ObjectMover – A Novel Image Editing Model Jointly Developed by the University of Hong Kong and Adobe

What is ObjectMover?

ObjectMover is a novel image editing model jointly proposed by the University of Hong Kong and Adobe Research. It addresses issues such as inconsistent lighting, shadows, and object distortion that occur when moving, inserting, or removing objects in images. By treating object movement as a special case of two-frame video processing, the model leverages the cross-frame consistency learning ability of pre-trained video generation models. Through fine-tuning, the model is adapted for image editing tasks. ObjectMover adopts a sequence-to-sequence modeling approach, taking as input the original image, the target object image, and an instruction map, and outputs a synthesized image with the object moved.

The main functions of ObjectMover

Object Movement: Move objects in the image to a specified location, automatically adjusting relevant physical effects such as lighting, shadows, reflections, etc., while maintaining the identity characteristics of the objects.
Object Deletion: Realistically fill in the background of the removed object without generating irrelevant new objects, and accurately remove the light and shadow related to the object.
Object Insertion: Precisely maintain the identity characteristics of the inserted object and automatically generate light and shadow effects consistent with the environment.

The technical principle of ObjectMover

Video Prior Transfer: ObjectMover treats the object-moving task as a special case of two-frame video processing, leveraging the learning ability of pre-trained video generation models (such as diffusion models) regarding cross-frame consistency.
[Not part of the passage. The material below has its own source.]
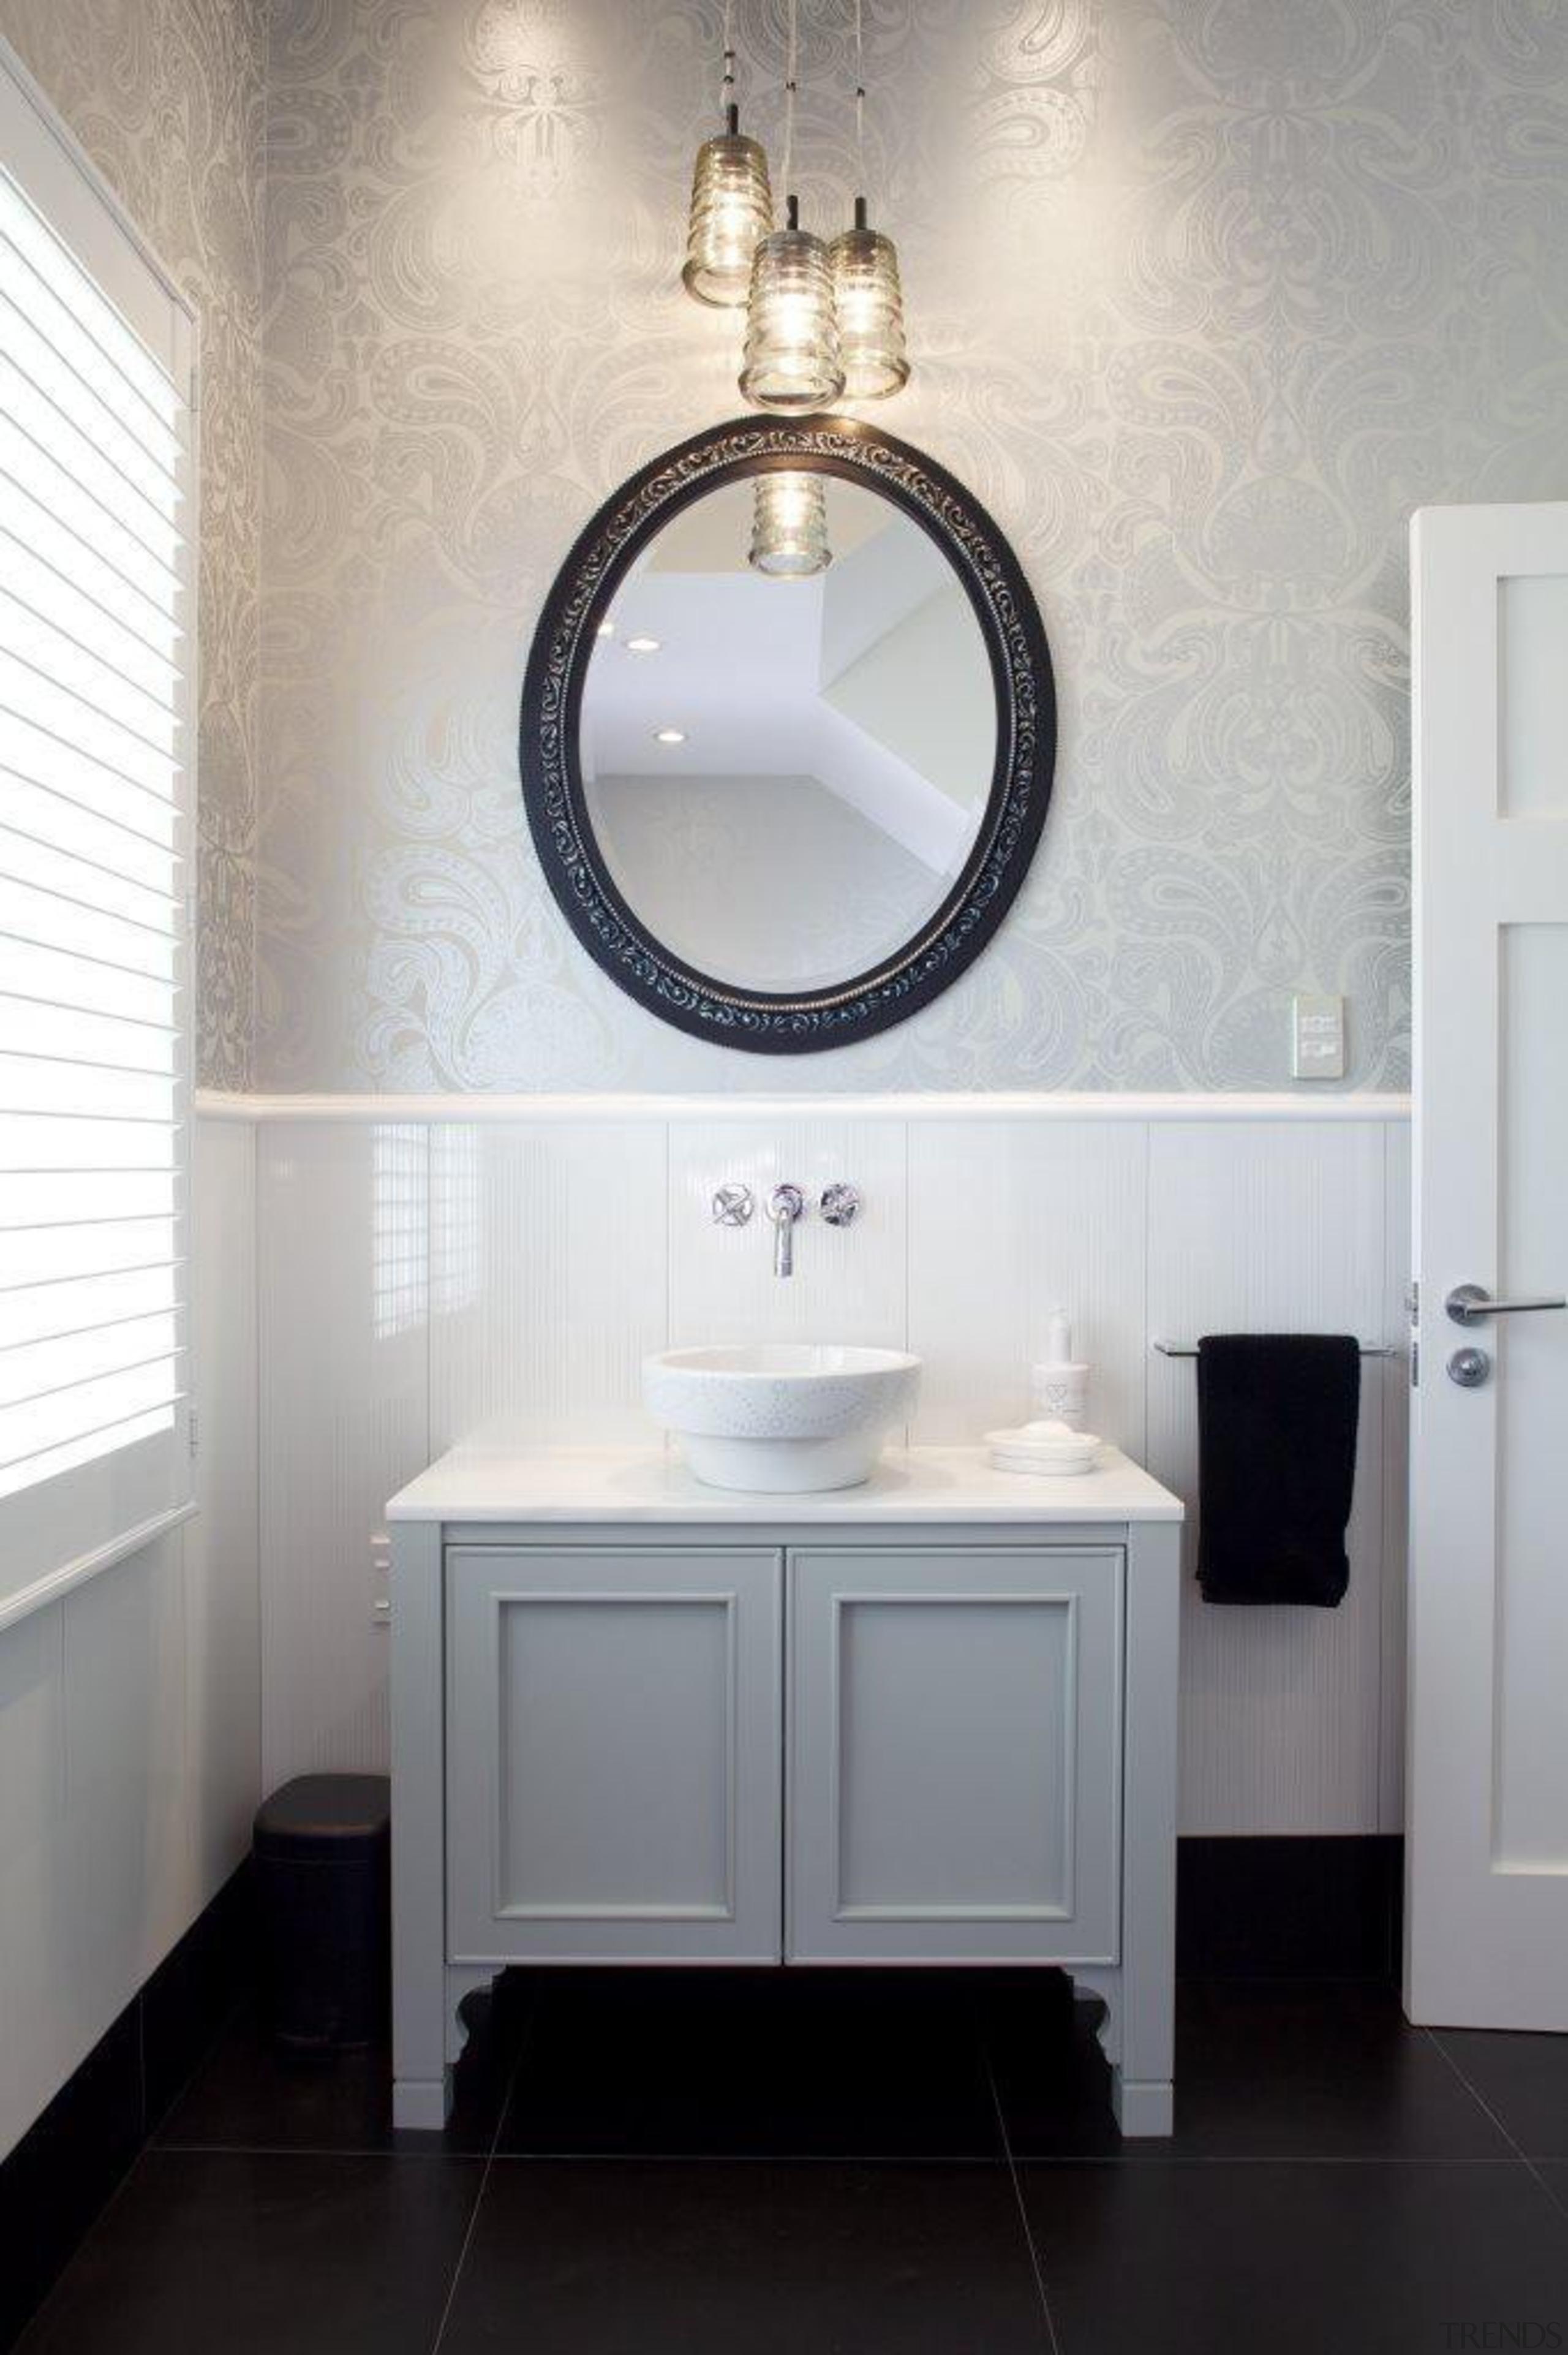 classicalguestbathroom1.jpg - classicalguestbathroom1.jpg - bathroom | bathroom accessory bathroom, bathroom accessory, bathroom cabinet, bathroom sink, floor, home, interior design, plumbing fixture, product design, room, sink, tap, white, gray

By fine-tuning the model, it is transferred from the video generation task to the image editing task. This approach can fully utilize the physical laws and object correspondence learned during the pre-training of video models, enabling precise light-shadow synchronization and identity feature preservation in image editing tasks.
Sequence-to-Sequence Modeling: The model reframes the object movement task as a sequence prediction problem. The inputs include the original image, the target object image, and the instruction map (annotating the movement position and direction), while the output is the synthesized image of the object after movement. This enables the model to better understand and handle the lighting changes and occlusion relationships of objects in different positions.
Synthetic Dataset Construction: Due to the lack of large-scale real-world data on object movement, the research team utilized modern game engines (such as Unreal Engine) to generate high-quality synthetic data pairs. The data covers complex scenarios of lighting, materials, and occlusions, enhancing the diversity and generalization ability of model training.
Multi-Task Learning Strategy: ObjectMover integrates four sub-tasks—object movement, removal, insertion, and video data insertion—into a unified framework for training on both synthetic data and real video data. This approach improves the model’s generalization ability in real-world scenarios, enabling it to exhibit higher adaptability and robustness when handling various image editing tasks.

The project address of ObjectMover

Project official website: https://xinyu-andy.github.io/ObjMover/
arXiv technical paper: https://arxiv.org/pdf/2503.08037

Application scenarios of ObjectMover

Special Effects Production: For some complex special effects scenes, such as the disappearance or appearance of objects, ObjectMover can achieve the deletion and insertion of objects while maintaining the realism of the scene.
Virtual Scene Editing: In virtual reality and game development, it is necessary to flexibly adjust the objects in the virtual scene. ObjectMover can be used to move objects in the scene, such as moving a prop from one position to another while keeping the object’s lighting and shadows consistent with the environment.
Game Level Design: Developers can use ObjectMover to quickly adjust the layout of objects in the level, improving the efficiency of level design.
Product Display: For product advertisements, ObjectMover can be used to place products in different scenes to showcase the products’ various usage scenarios.
Space Planning: In architecture and interior design, ObjectMover can be used to move furniture or decorations to different positions to evaluate different design schemes.